# $4/case canning jars @ Wal Mart!



## blu_redneck (Dec 26, 2007)

Was in Tulsa yesterday and in a center isle between the meat dept. and frozen foods dept. was a mountain of pint and quart canning jars on sale for $4/case! Might be a good time to stock up! Good luck all!


----------



## mekasmom (Jan 19, 2010)

I wish they were that here. Yesterday, they were regular price here.


----------



## rancher1913 (Dec 5, 2008)

Not to be a canning nazi, but.... were they American made? I have heard lots of complaints about the jars made in China (including coming from my own lips). They tend to break as the glass is a lot thinner. That being said - I just cleaned out my Dollar Generals of all their jars. Golden Harvest is USA made and has always performed well for me. I ended up paying about $7 for quarts and $6 for pints.

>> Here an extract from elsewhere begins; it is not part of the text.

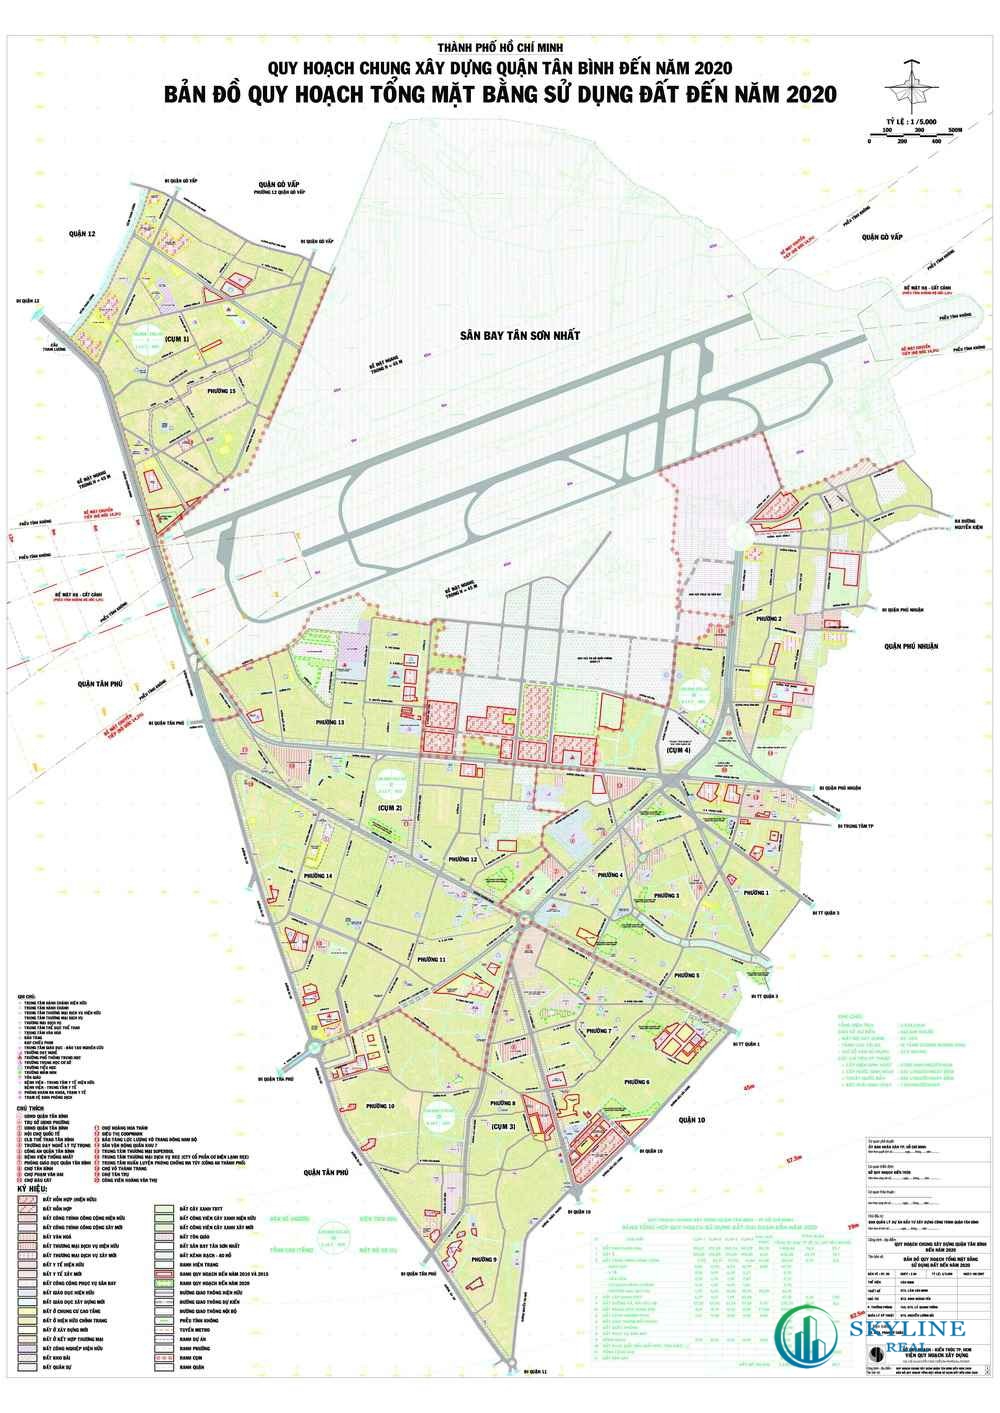 Bản đồ quy hoạch sử dụng đất quận Tân Bình

Great sale, though! Hope you stocked up.

Moldy


----------



## terri9630 (Mar 12, 2012)

They were regular price here yesterday.


----------



## my3boys (Jan 18, 2011)

Were these Ball/Kerr jars?


----------



## calliemoonbeam (Aug 7, 2007)

And which Walmart? lol There are about 8-10 in the Tulsa area, and they don't always have the same things on sale! Thanks for the heads up though.


----------



## Badger (Jun 11, 2010)

Kerr wide mouth quarts were $10.00 yesterday


----------